▶ _ACTIVITY_
Copy the listing below exactly, but skip the pictures.

▶ _GIVEN INFORMATION_
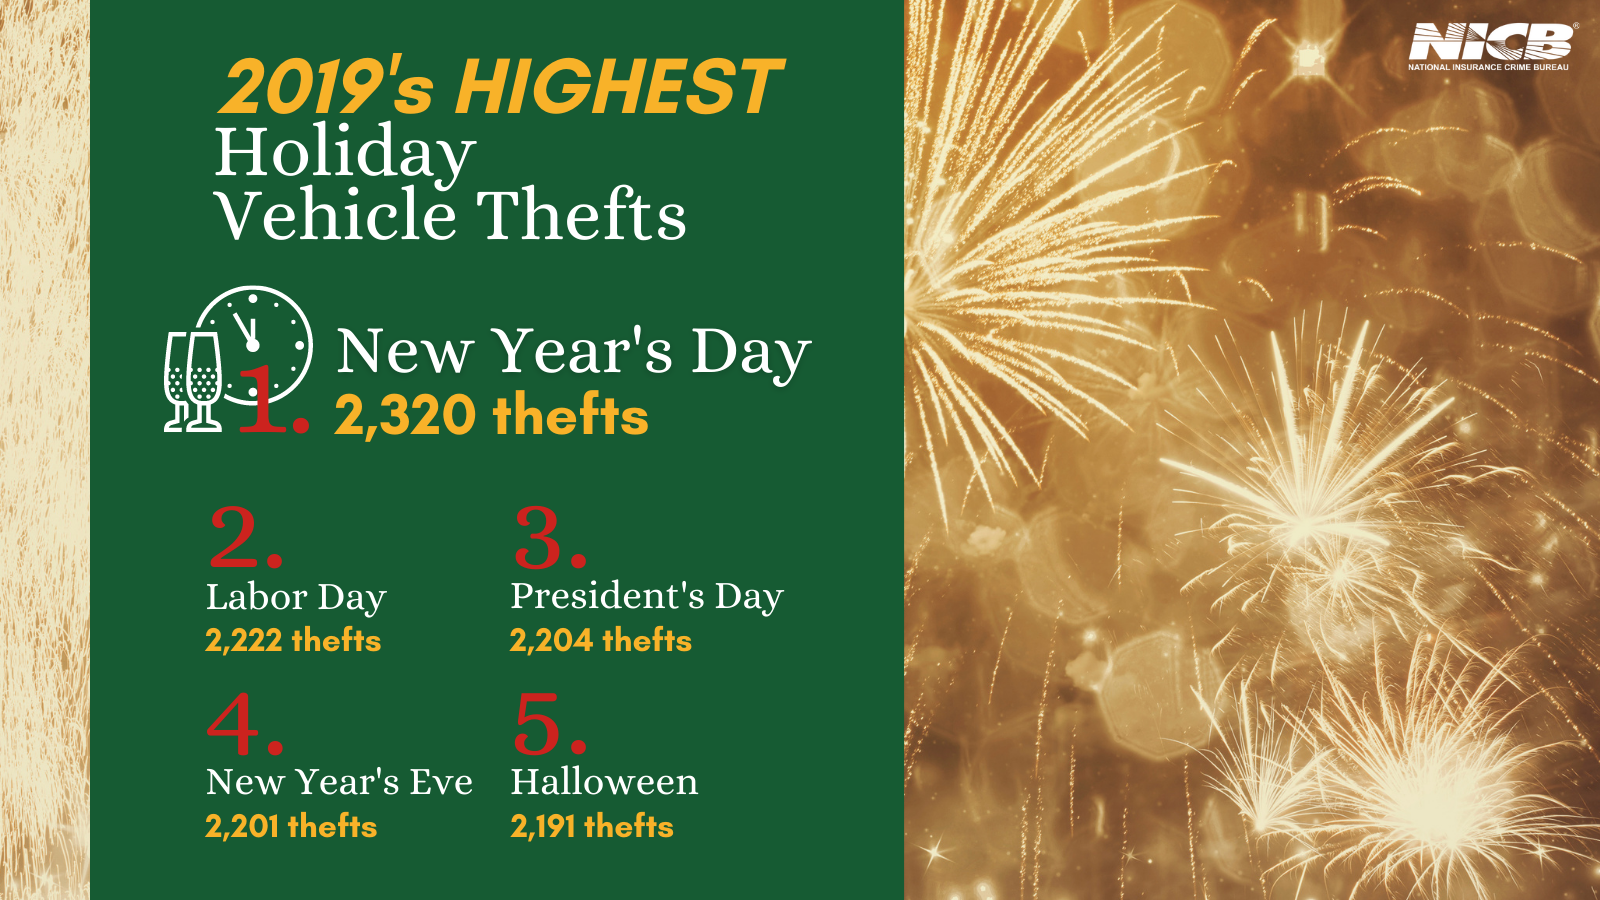 Holiday Vehicle Thefts 2019
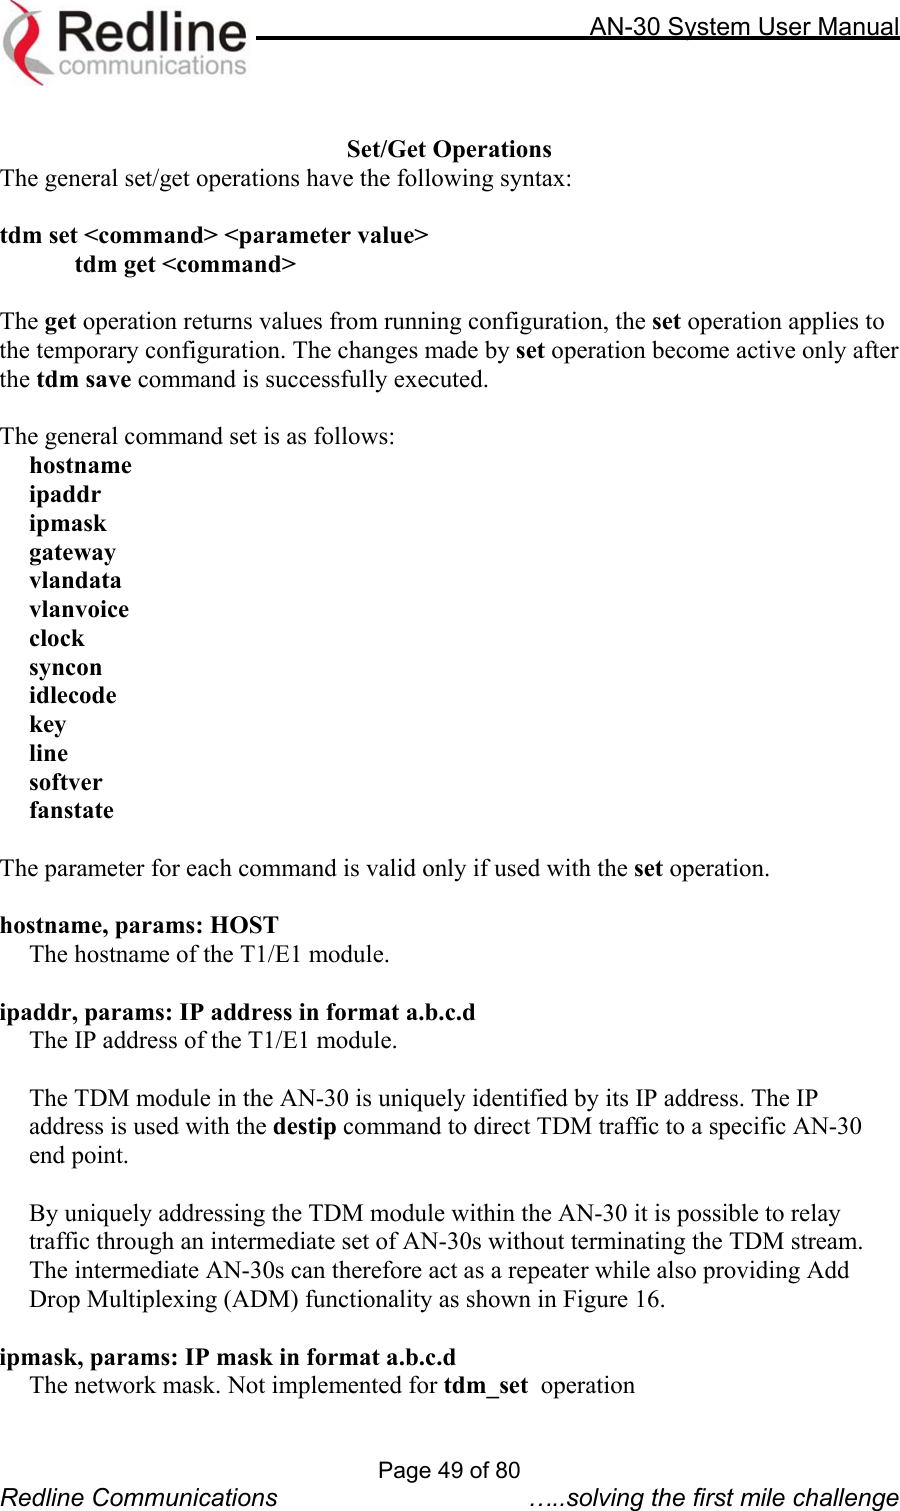     AN-30 System User Manual   Set/Get Operations The general set/get operations have the following syntax:  tdm set &lt;command&gt; &lt;parameter value&gt;   tdm get &lt;command&gt;  The get operation returns values from running configuration, the set operation applies to the temporary configuration. The changes made by set operation become active only after the tdm save command is successfully executed.  The general command set is as follows:  hostname ipaddr ipmask gateway vlandata vlanvoice clock syncon idlecode key line softver fanstate  The parameter for each command is valid only if used with the set operation.  hostname, params: HOST   The hostname of the T1/E1 module.   ipaddr, params: IP address in format a.b.c.d The IP address of the T1/E1 module.  The TDM module in the AN-30 is uniquely identified by its IP address. The IP address is used with the destip command to direct TDM traffic to a specific AN-30 end point.   By uniquely addressing the TDM module within the AN-30 it is possible to relay traffic through an intermediate set of AN-30s without terminating the TDM stream. The intermediate AN-30s can therefore act as a repeater while also providing Add Drop Multiplexing (ADM) functionality as shown in Figure 16.    ipmask, params: IP mask in format a.b.c.d   The network mask. Not implemented for tdm_set  operation  Page 49 of 80 Redline Communications  …..solving the first mile challenge 
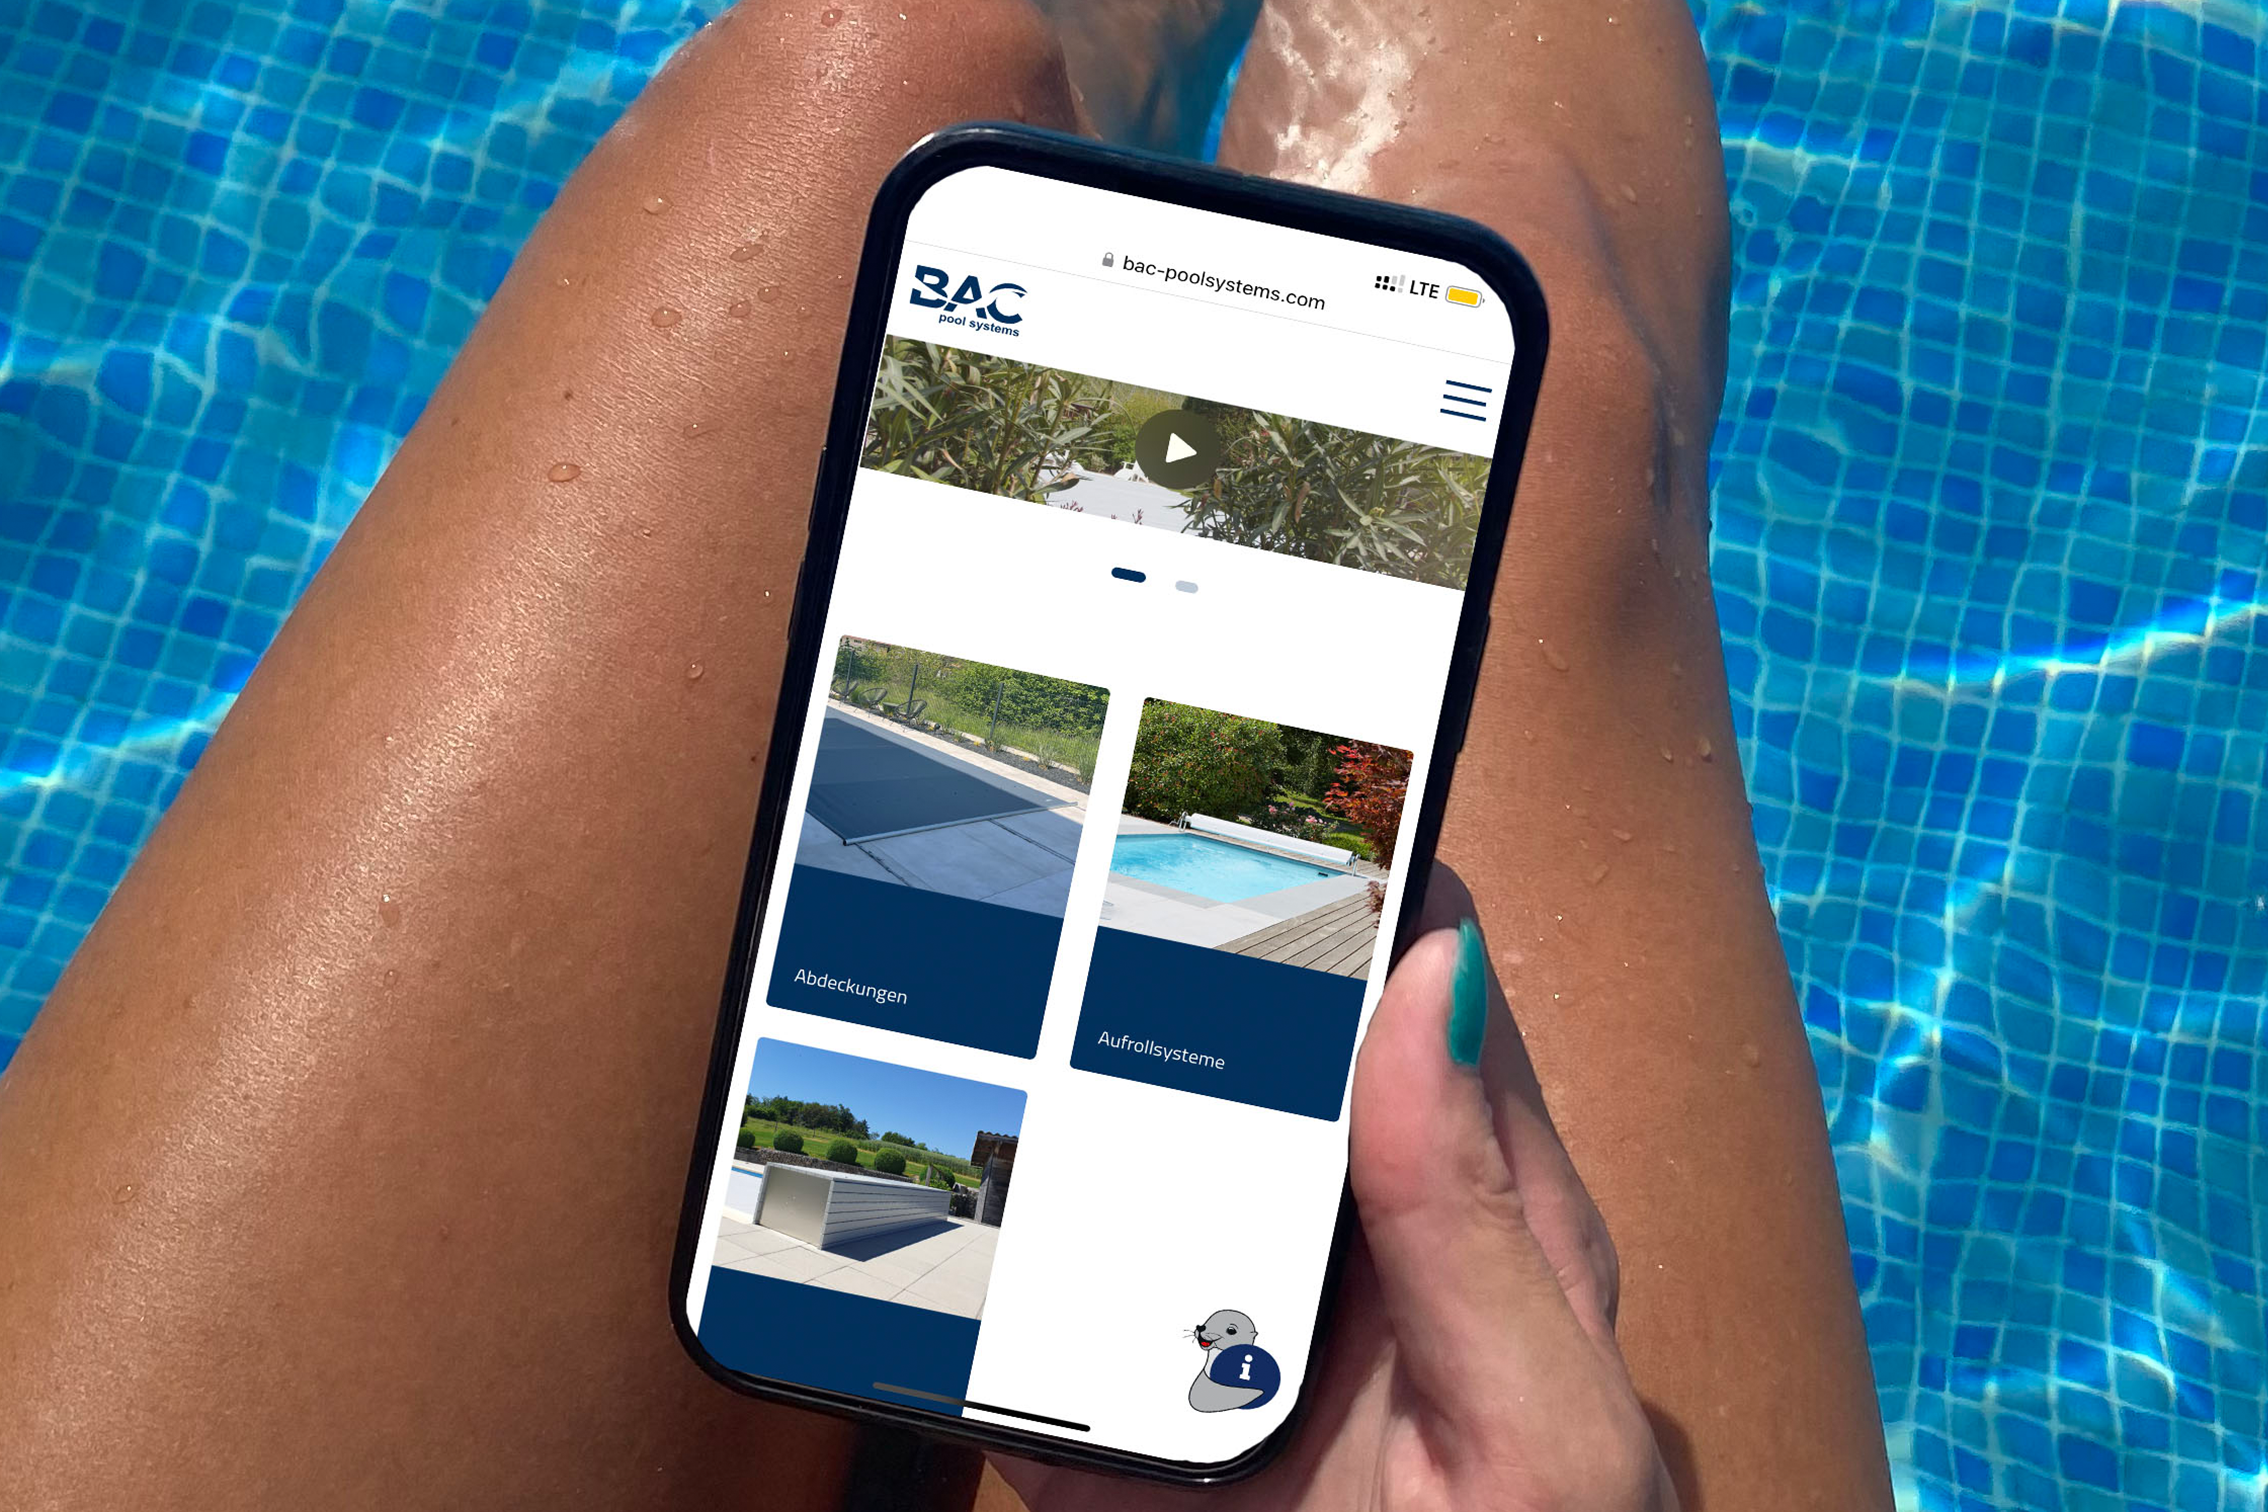 BAC pool systems nouvelle page d'accueil

▶ _SOLVED PROBLEM_
 Holiday Vehicle Thefts 2019
     AN-30 System User Manual   Set/Get Operations The general set/get operations have the following syntax:  tdm set &lt;command&gt; &lt;parameter value&gt;   tdm get &lt;command&gt;  The get operation returns values from running configuration, the set operation applies to the temporary configuration. The changes made by set operation become active only after the tdm save command is successfully executed.  The general command set is as follows:  hostname ipaddr ipmask gateway vlandata vlanvoice clock syncon idlecode key line softver fanstate  The parameter for each command is valid only if used with the set operation.  hostname, params: HOST   The hostname of the T1/E1 module.   ipaddr, params: IP address in format a.b.c.d The IP address of the T1/E1 module.  The TDM module in the AN-30 is uniquely identified by its IP address. The IP address is used with the destip command to direct TDM traffic to a specific AN-30 end point.   By uniquely addressing the TDM module within the AN-30 it is possible to relay traffic through an intermediate set of AN-30s without terminating the TDM stream. The intermediate AN-30s can therefore act as a repeater while also providing Add Drop Multiplexing (ADM) functionality as shown in Figure 16.    ipmask, params: IP mask in format a.b.c.d   The network mask. Not implemented for tdm_set  operation  Page 49 of 80 Redline Communications  …..solving the first mile challenge 
 BAC pool systems nouvelle page d'accueil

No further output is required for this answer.